Interesting point. Why would we want to change milions of years of evolution with heel drop and cushioning? I dont think there is any evidence saying it is better than no drop... That should be the starting point. But yeah, I think we have gone too far down the Nike marketing rabbit hole with drop, support, cushion and all that strange modifications. Maybe next will be side skirts to improve air flow? Dont get me wrong, these shoes may be a nice racing tool, but using them all the time raises the probability of injury, because we were simply not born with and for these modifications. That's just my view on it, I did not check all the studies, I just try to use common sense and my own experiences.
@@joepheijen516 There is a lot of evidence. Pretty sure you can find studies and actual research on that topic, but just purely intuitively, landing on your heels and propelling with your toes gives you that distance basically for free. You can't use your tendons like a spring, but that's what the shoes are for.
Personally I use only barefoot shoes myself, but I also don't consider myself a runner and I couldn't care less about my race times, because I don't even run races in the first place. But if you do, those shoes will give you an advantage.
@@bultvidxxxix9973 exactly what I am trying to say! Modern running shoes are a tool to improve racing results. However I dont think the extra distance is free though. Your feet get lazy and 'atrophied', and you have to absorb the impact in places that were not designed to absorb that impact. I'm also a barefoot-shoe only recreational runner. I run for fun and longevity. To me it seems such a waste not to use the natural spring mechanism of your feet.
@@bultvidxxxix9973 you think that landing on your heel makes your strides magically 30 cm longer? Sorry, mon, this is not how any of this works. The strides will be just as long or short as before.
Running is the best thing I started doing a few years ago. I lost weight, felt better mentally (up to a point I was able to stop my antidepressants 🎉) and met some lovely people during some races! The start of my running career was hard as with all things, but I can’t imagine myself not running anytime soon!
Thanks for an enlighting video. I really love your way of breaking down evidence in running sports! About foot strike pattern I know the medical evidence says striking pattern is of no correlation with increased risk of injury regardless of type of strike. I does however matter somewhat if you get injured.

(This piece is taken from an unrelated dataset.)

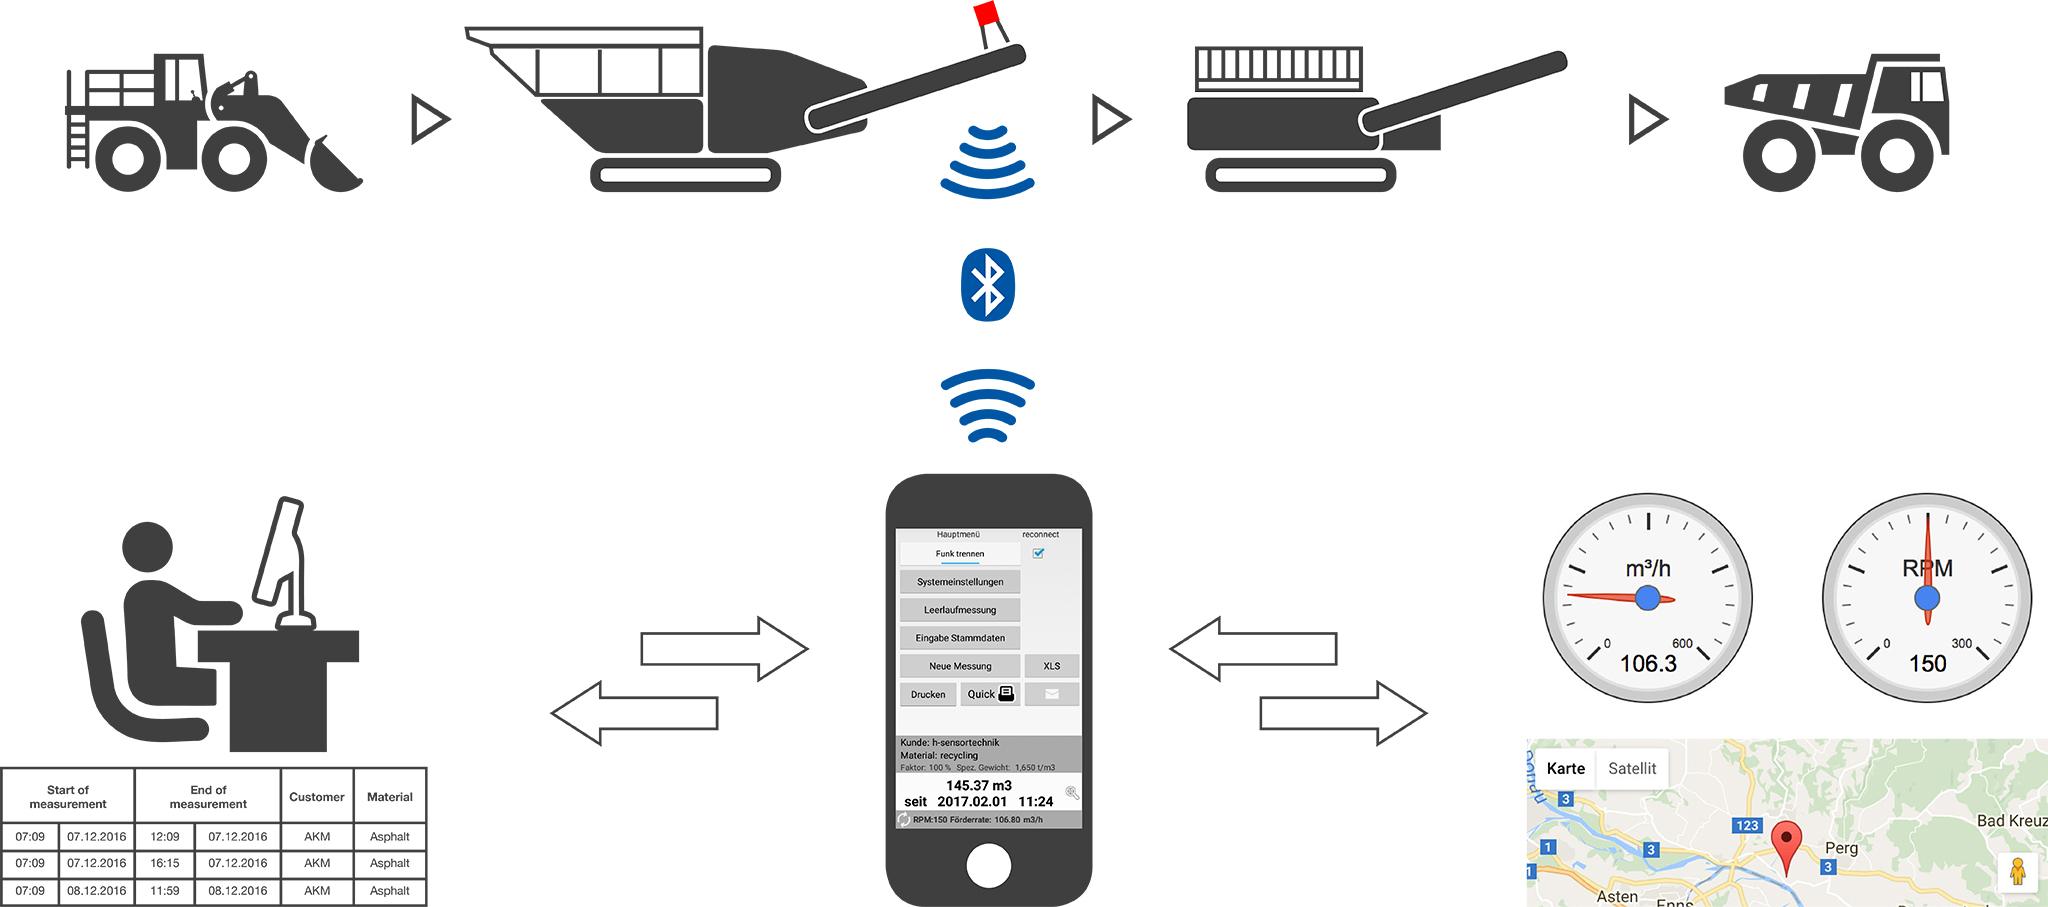 H-Sensortechnik

Evidence for instance supports forefoot striking pattern and a 15 degrees front incline when running with infrapatellar tendinitis (jumpers knee). It reduces the strain on the tendon by up to 25%. Subjectively most runners will report reduced pain running in shoes with high drops or forefoot striking pattern running in this way. However, if you are a heelstriker and try to convert to forefoot running be aware of a long path of adaptation and sore calf muscles!!! As you probably know Göran (as a physio) the importance of looking into all of the kinetic chain of the injured region to find the flaw, is much more sound advice that simple hotfixes like the ones you showed us in the clip.

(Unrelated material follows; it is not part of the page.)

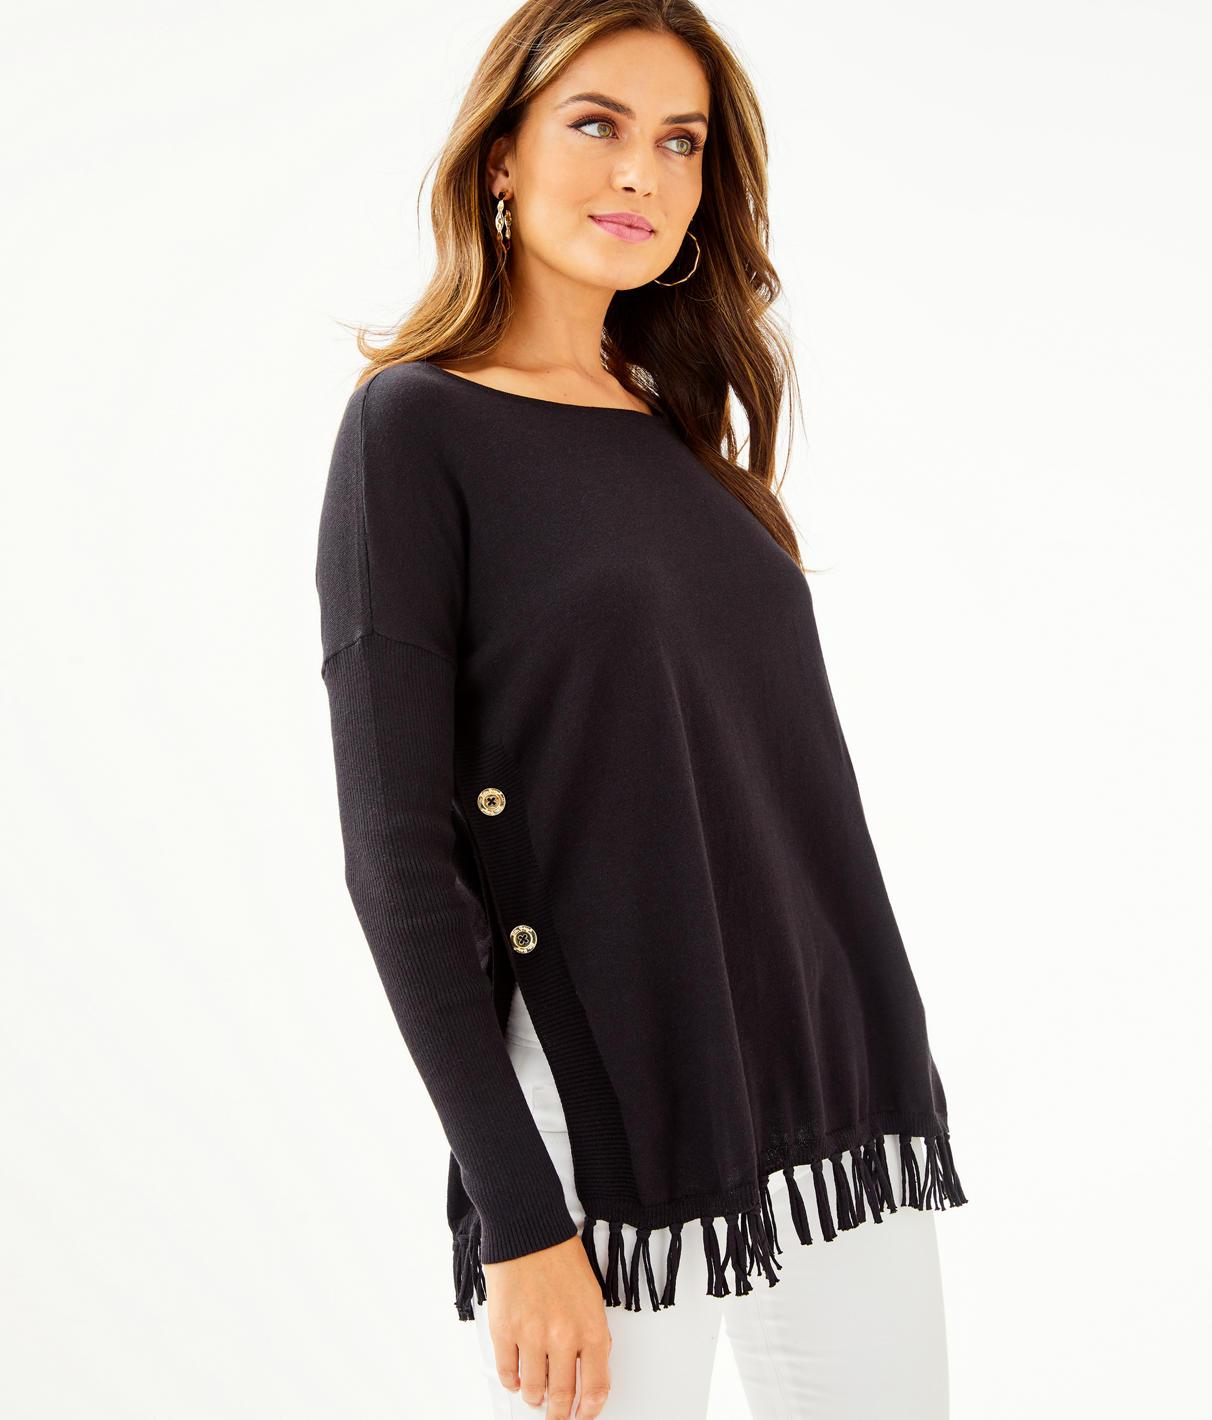 Lilly Pulitzer Lilly Pulitzer Womens Ramona Sweater

Just as striking pattern doesnt matter for injury proneness in "healthy" runners, so does foot type. Pronated runners have always been told that they need pronation-guided shoes to run in, when evidence only find somewhat increased risk of injury in runners with high degree of ankle-pronation and no increased injury risk being a pronated runner.
Keep up making quality content!
Sincerely a GP from DK and hopefully a coming up doctor of sports medicine.

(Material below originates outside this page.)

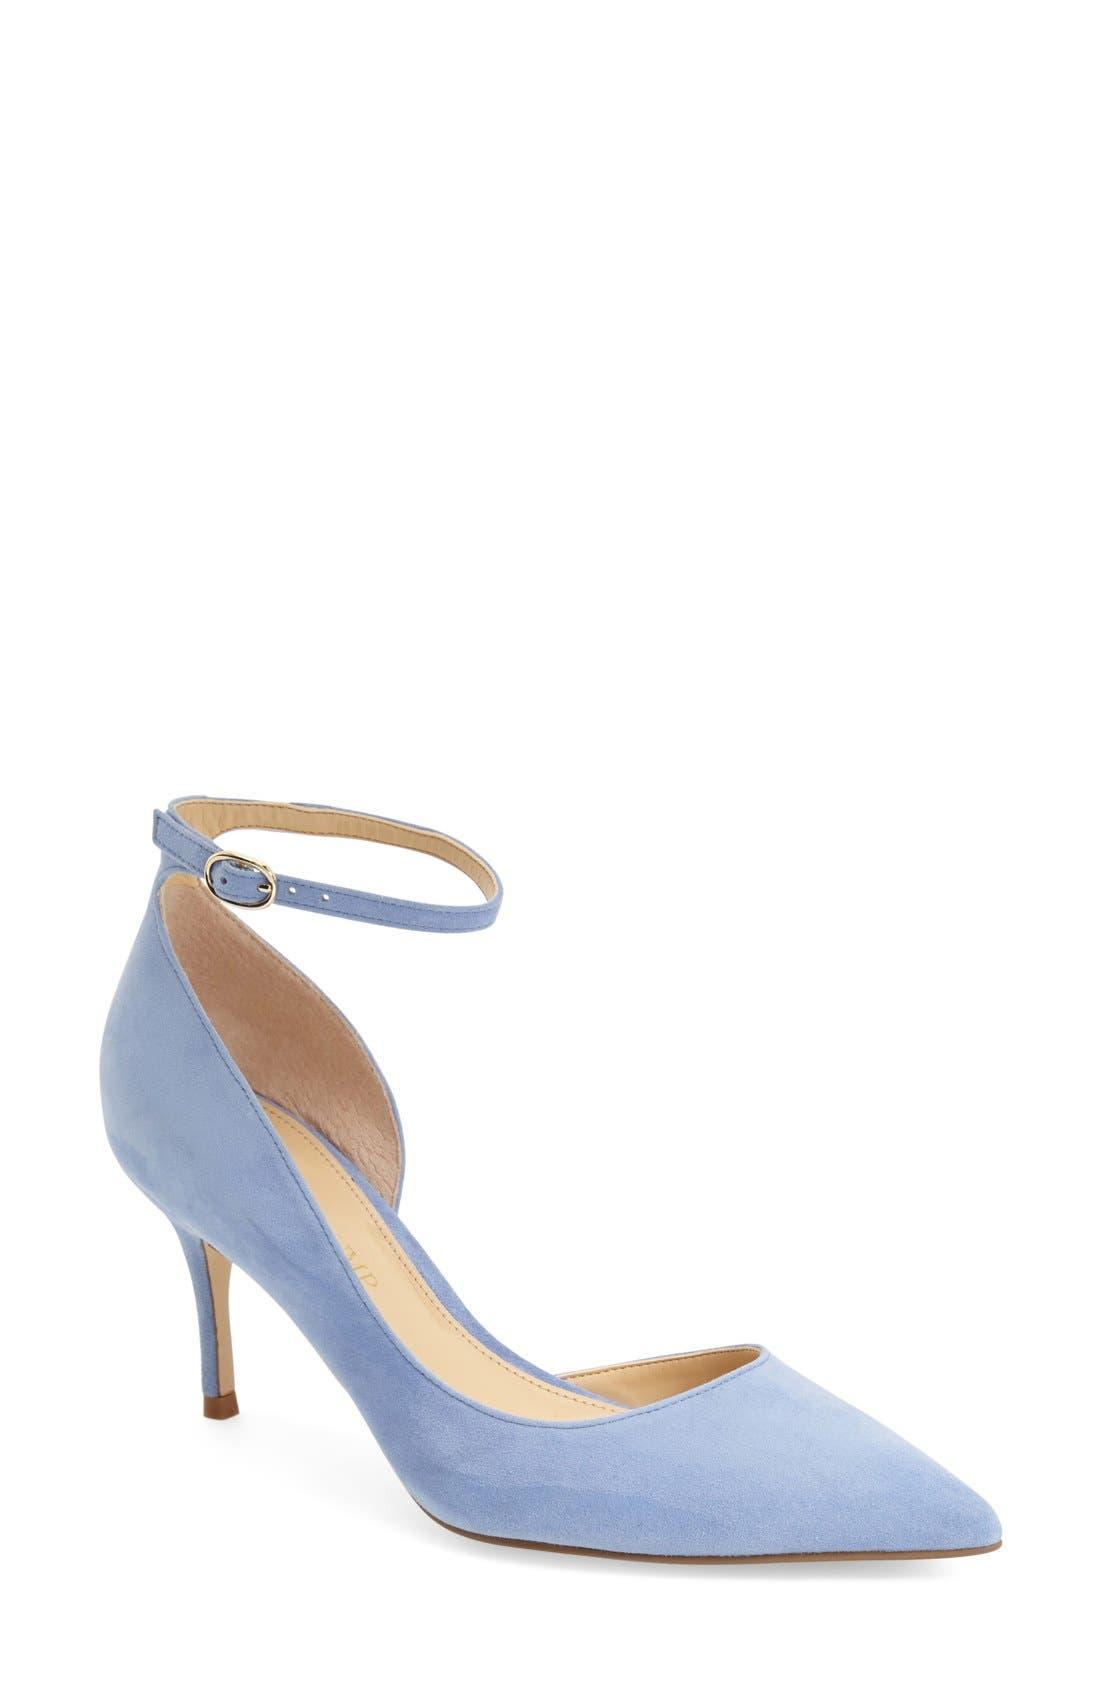 Alternate Image 1 Selected - Ivanka Trump 'Brita' Ankle Strap Pointy Toe Pump (Women)

Started running 5 months ago and cannot agree enough with the point that you should run at a slow and enjoyable pace so that you start enjoying running enough to make it a habit. I also very much appreciate your incorporation of research to back up your points instead of just hoping people believe you. Thank you!!
Bro cooked Nico 🤣
my god, i check out that guy that post the first video, he has 1.1 M followers!! insane
Yeah that’s insane 🤨
You’re the best Goran!
Thanks for your support 😊
0:48 that's what did my mother's friend say when He saw me skinny but I saw He couldn't run even a mile
Ye fr. I’m a skinny person about 56 kg (125lbs) I’m 174 cm tall 5’8.5) and I hear ppl say to me that I should start working out.. I’ve been a runner for more than a year and my goal is to run a sub 40 min 10 k soon. I’m not strong on bench, I can only bench my body weight so ppl think I’m weak and skinny and doesn’t train. It’s jsut so sad for ppl to think that we runners are weak mentally and physically even tho that is not true.
@@alfredberggren5985well I'm 68 kg 176 cm but This is due to bone density I guess
@@alfredberggren5985Even though we eat much more. But the advantage of distance runners is that they are more tolerant of carbohydrate/sugar consumption, unlike the crazy body influencers out there who eat only red meat😂
@@kduty236 ye fr 😂 I have been eating a lot of donuts recently 😬 even tho it has had no impact on my weight, it has still had impact on my skin and I’m starting to see a lil acne. So ye sugar is bad but still very yummy.
@@alfredberggren598556 kg is like a children weight. Better to gain some muscles.
Hi, First off I very much appreciate that you share references on the comments you make. I've been struggling with runners knee for the last 20 odd yrs and have improved from being able to run 5km pain free up to half marathon, but that's where I'm hitting the wall these days. I would be very intrested in any suggestions you might have for a workout routine. to strengthen the glutes/thighs. Various fysio's have given me excersizes over the years, but simple gym excerszies like squads and glute bridges seem to have paid the most divident. I like to expand my gym routine with more options if you can recommend any.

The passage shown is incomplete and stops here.